I've since learned that Cuba is thought to resemble a semi-submerged crocodile, because the island is shaped like one and that there is a species of crocodile, one of only four in the new world, that's found primarily in Cuba and is called the Cuban Crocodile. It's known for leaping straight up from the water in order to catch prey mid air. I didn't know this till just recently; imagine!

My Crocodile visitation is an ongoing source of fascination to me. Since I discovered this particular animal archetype in my childhood bathtub, I've come to see many aspects of the image. Today, She is the Babylonian Queen of the Ocean, Tiamat, the primordial dragon, and She is fearsome.

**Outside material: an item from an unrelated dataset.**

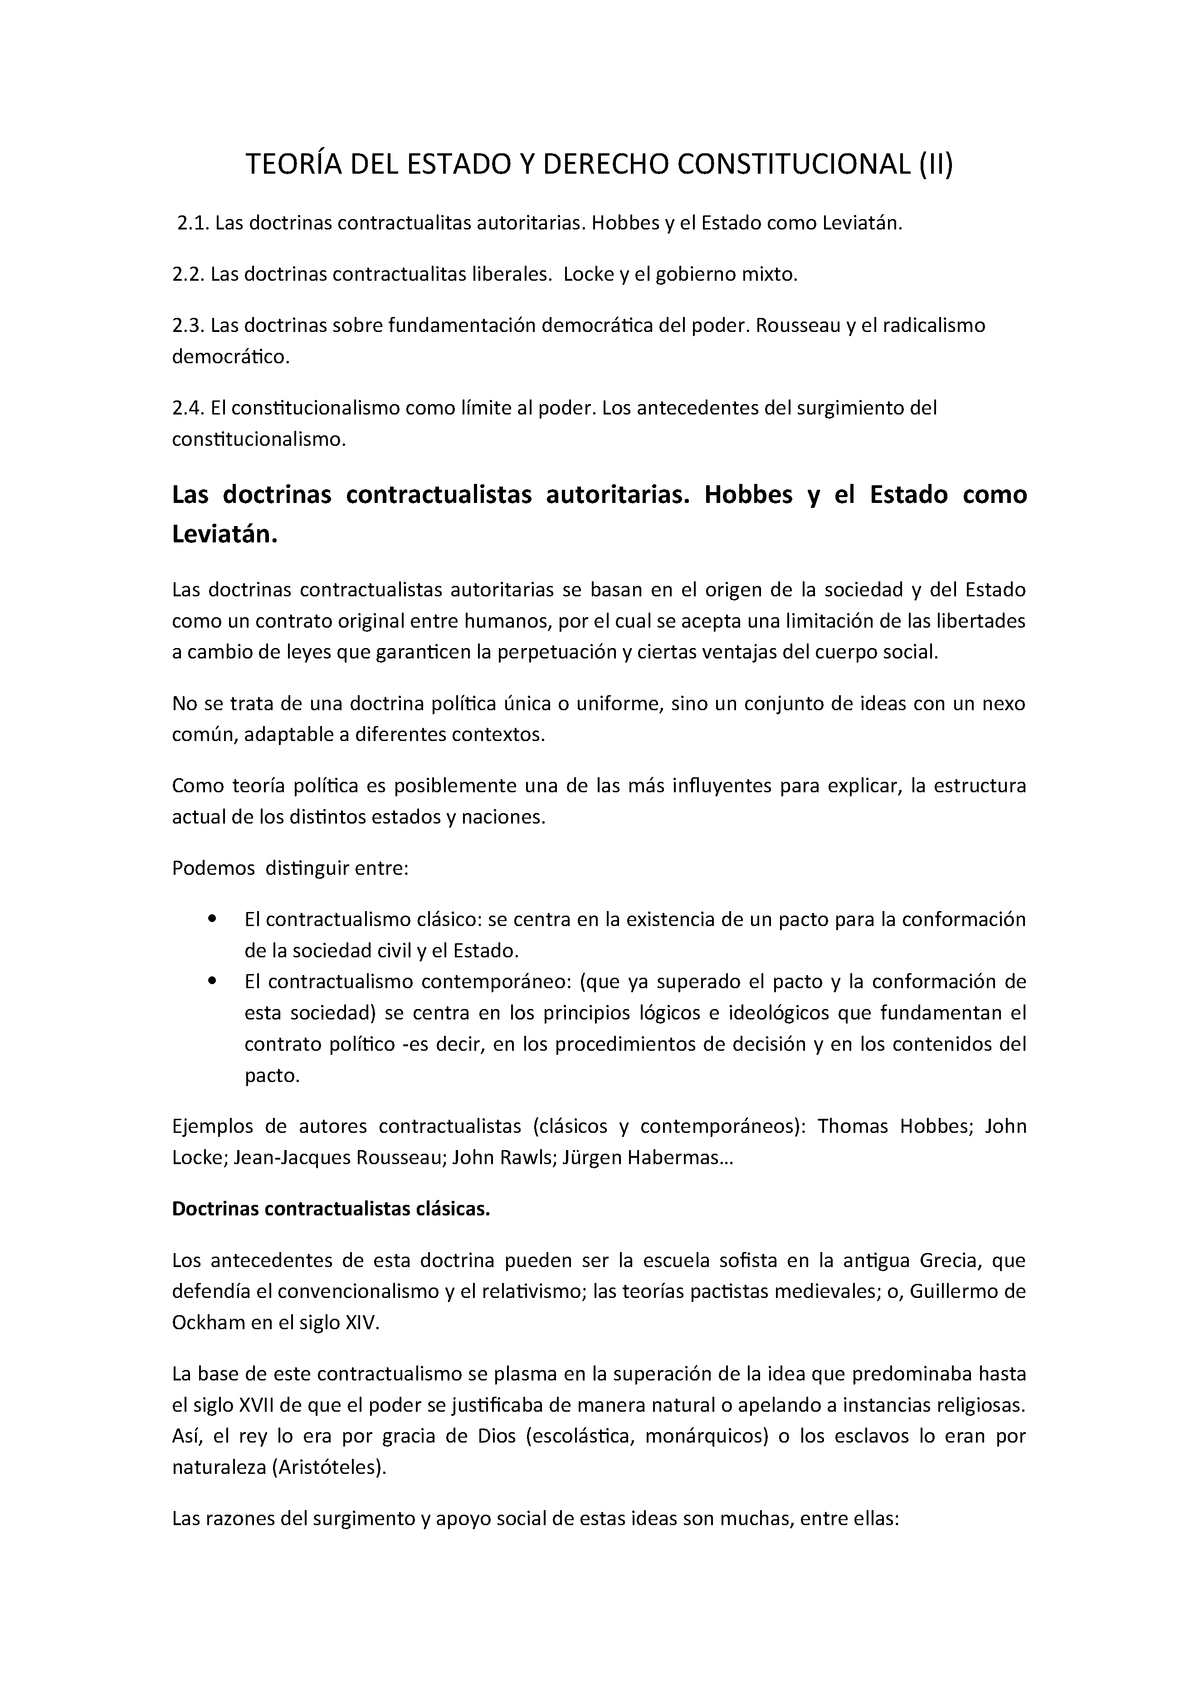 Teoría Del Estado Y Derecho Constituciona 1 Uv Studocu

She is Howling Mary, the slain Feminine archetype who came to me in my Howling Mary dream, biding her time, letting her presence be known. http://litadreaming.blogspot.com/2011/08/howling-mary.html And, haven't you ever seen those wonderful little front yard shrines to Mary in an upended bathtub? Yes, it's Mary in that bathtub, too.

This is the power of dreaming. This is how Big Dreams often come, as childhood or early nightmares. Perhaps, with apologies, the dream source impacts us with nightmares and hopes we've got the good sense to explore the message further.

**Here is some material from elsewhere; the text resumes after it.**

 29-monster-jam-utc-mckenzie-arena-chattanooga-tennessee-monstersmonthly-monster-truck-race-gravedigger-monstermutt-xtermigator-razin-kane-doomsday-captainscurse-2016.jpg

I don't want to skip over the role of Devil in my early totem dream. Certainly, I would never romanticize or cutesy up the crocodile; never do I want to come face to face with one in waking life, (unlike my elephant totem which I've met on both sides).

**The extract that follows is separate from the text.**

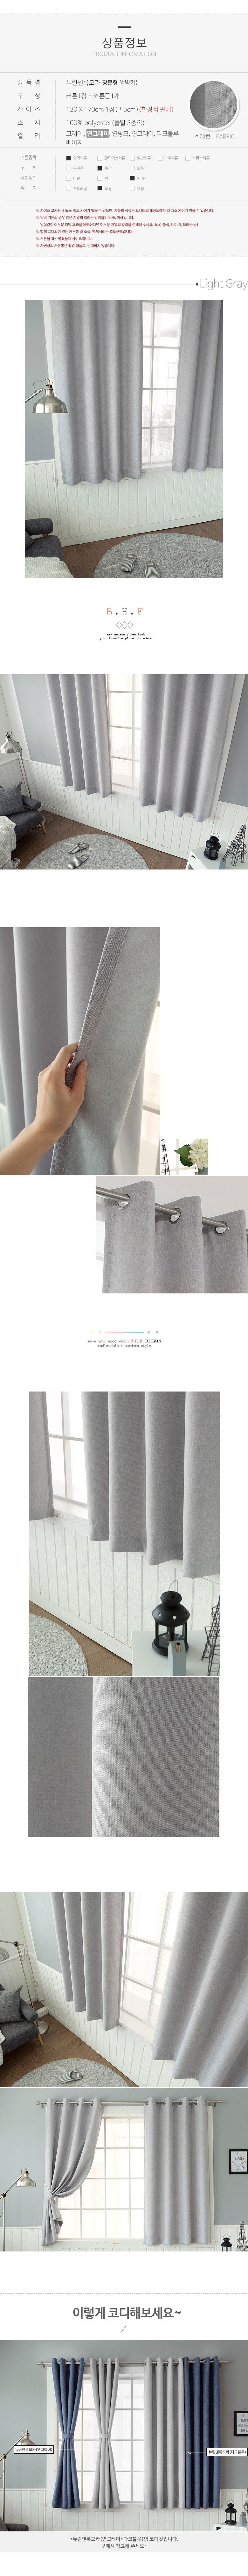 BHF 뉴린넨룩모카 호텔식 창문 암막커튼 1장(130x170cm) - 비에이치에프, 16,900원, 암막커튼, 무지/솔리드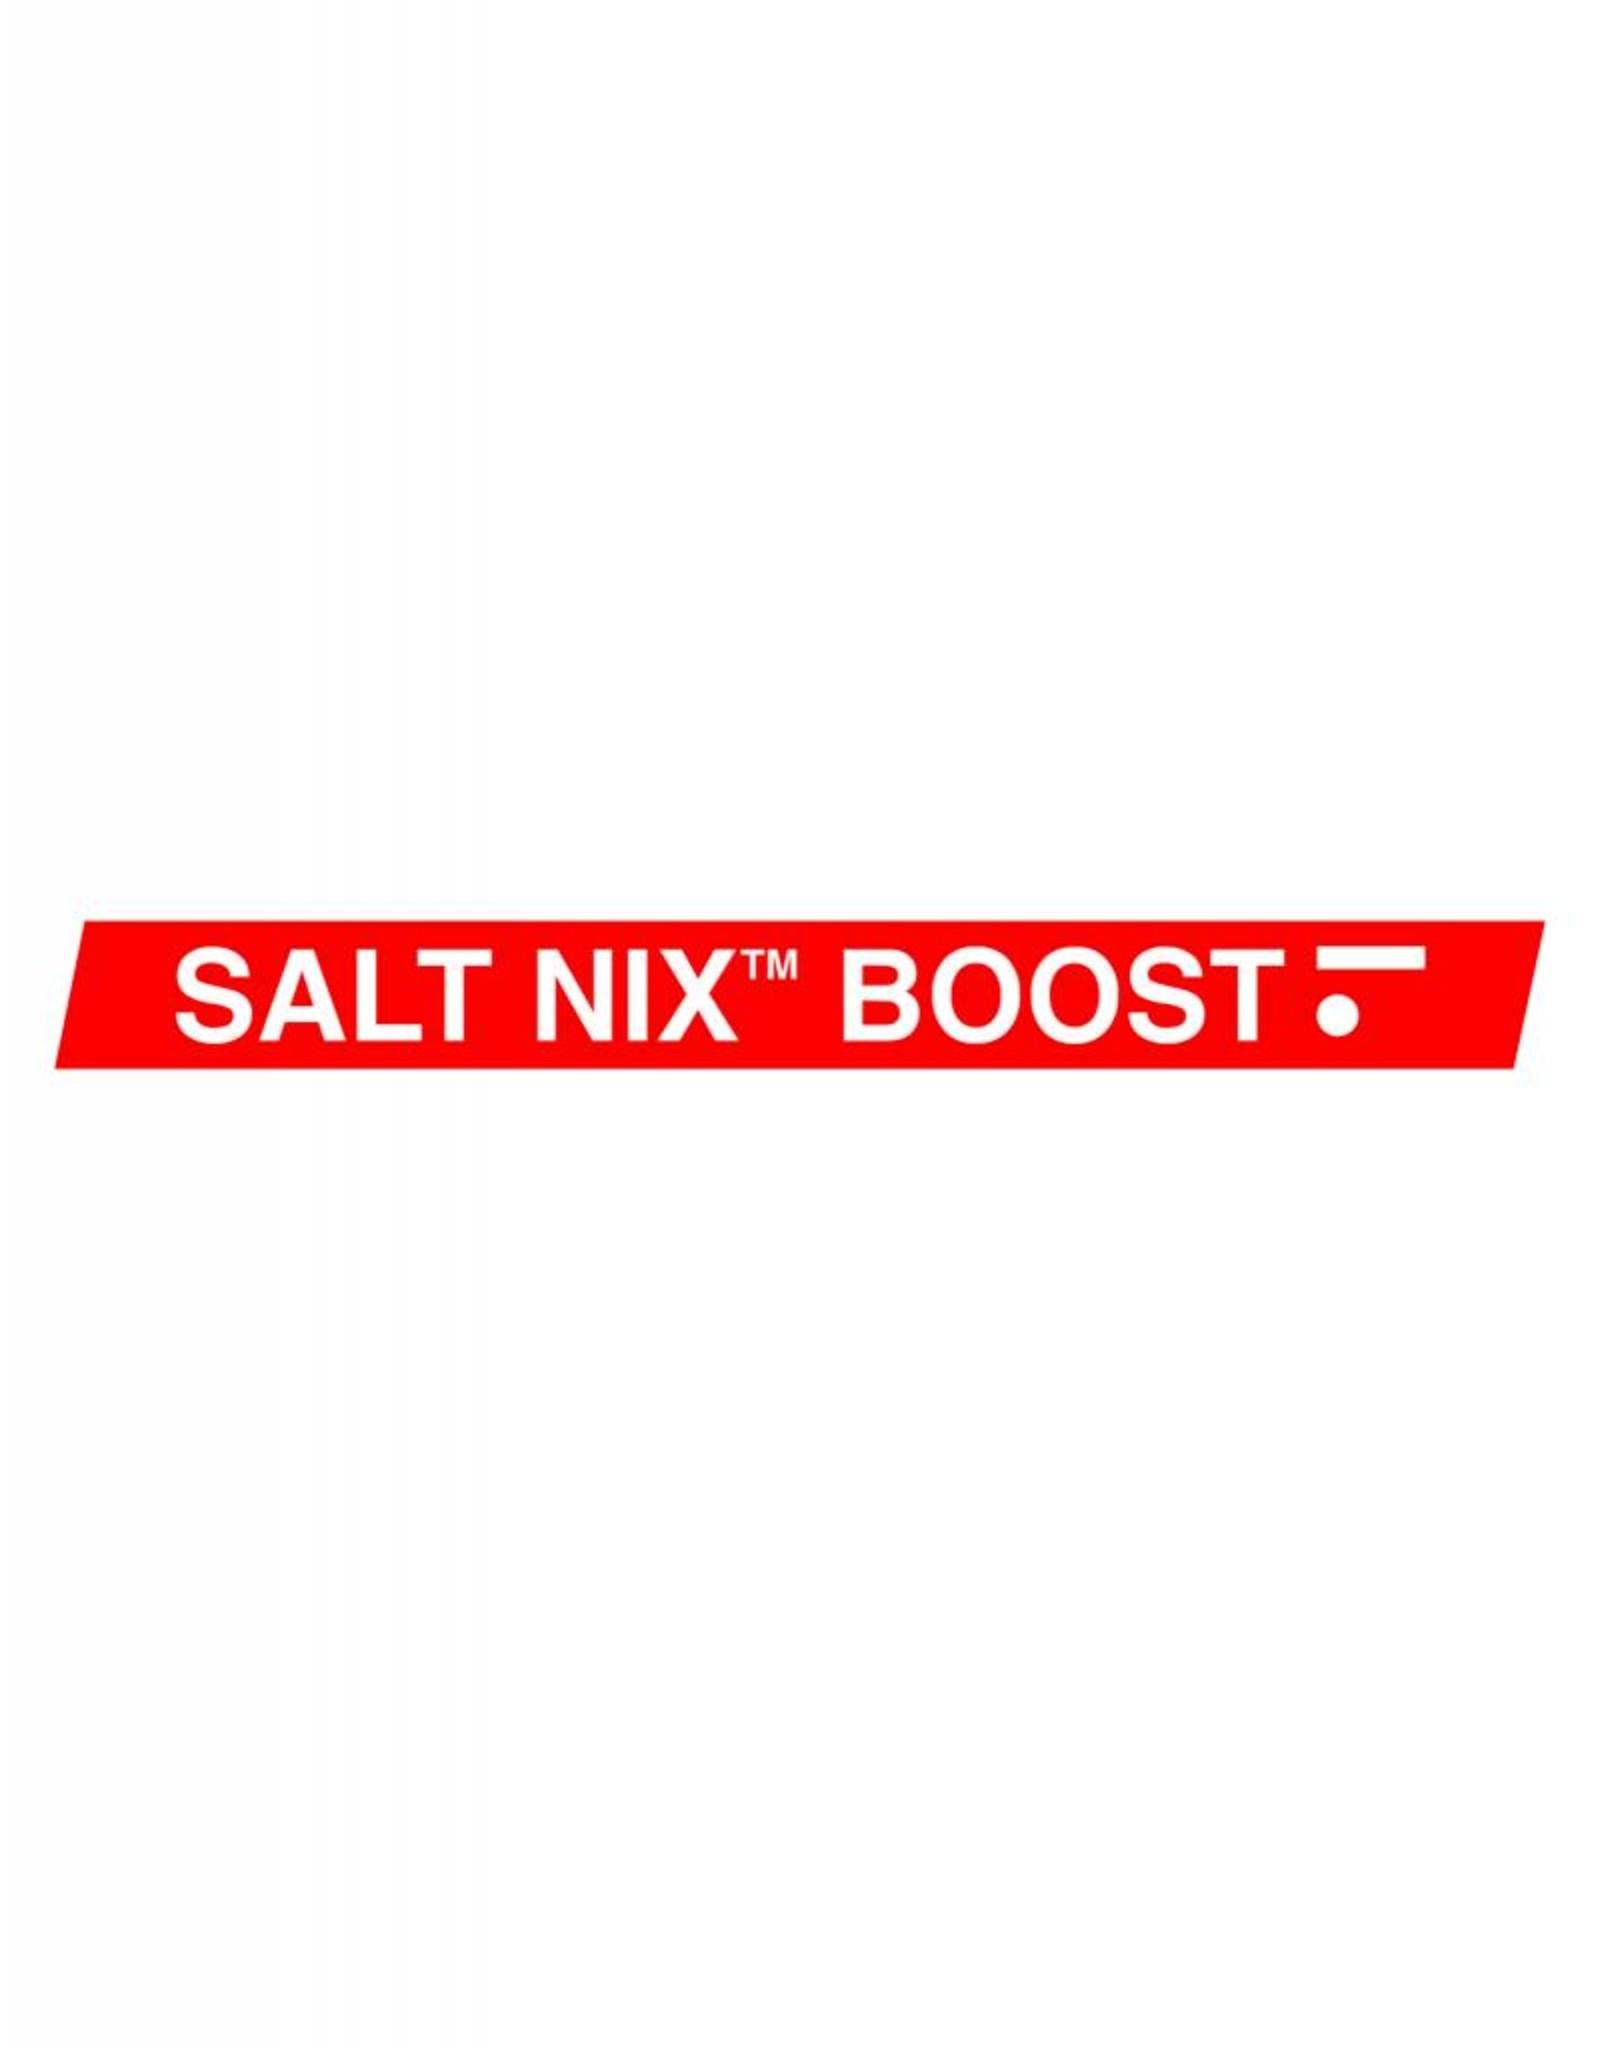 Salt NIX Boost

I hold that the devil is the invention of patriarchal religions, as is dualistic thinking and the hierarchical paradigm. Goddess inclusive religions tend to see things cyclically: birth, life, death, birth again, mirrored in the seasons of earth. Death isn't evil, it's part of life. We're all capable of good and evil. The Devil is part of a dichotomy that projects evil as one Absolute, the opposite of Good, God. As Jung taught, it's dangerous to project our own dark shadow on to others and as Jesus taught, don't look for the mote in your neighbor's eye unless you remove the plank from your own.

But tomes like the 15th century classic, The Malleus Maleficarum or The Hammer of Witches, written by two Dominican monks as a guide for Inquisitors, are monuments to blind projection and provide ample evidence of the malice, cruelty and misogyny of the medieval Christian Church. In those illustrious times of male bullying, women were leagued with the devil, at least any woman who showed the least bit of spine and independence, owned property that could be taken from her, or just knew too much.

If Woman is maligned by being linked with the devil, the serpent and the apple, the fall from grace, the first one to sin, then no wonder Mary is pissed off and there's a crocodile waiting for me in the bath tub; waiting to talk to me, to teach me.

On Crocodile Friday, I honor the Great Mother and I honor Jesus, her beloved Son. I honor Spring and I honor Dreams. Blessed Be.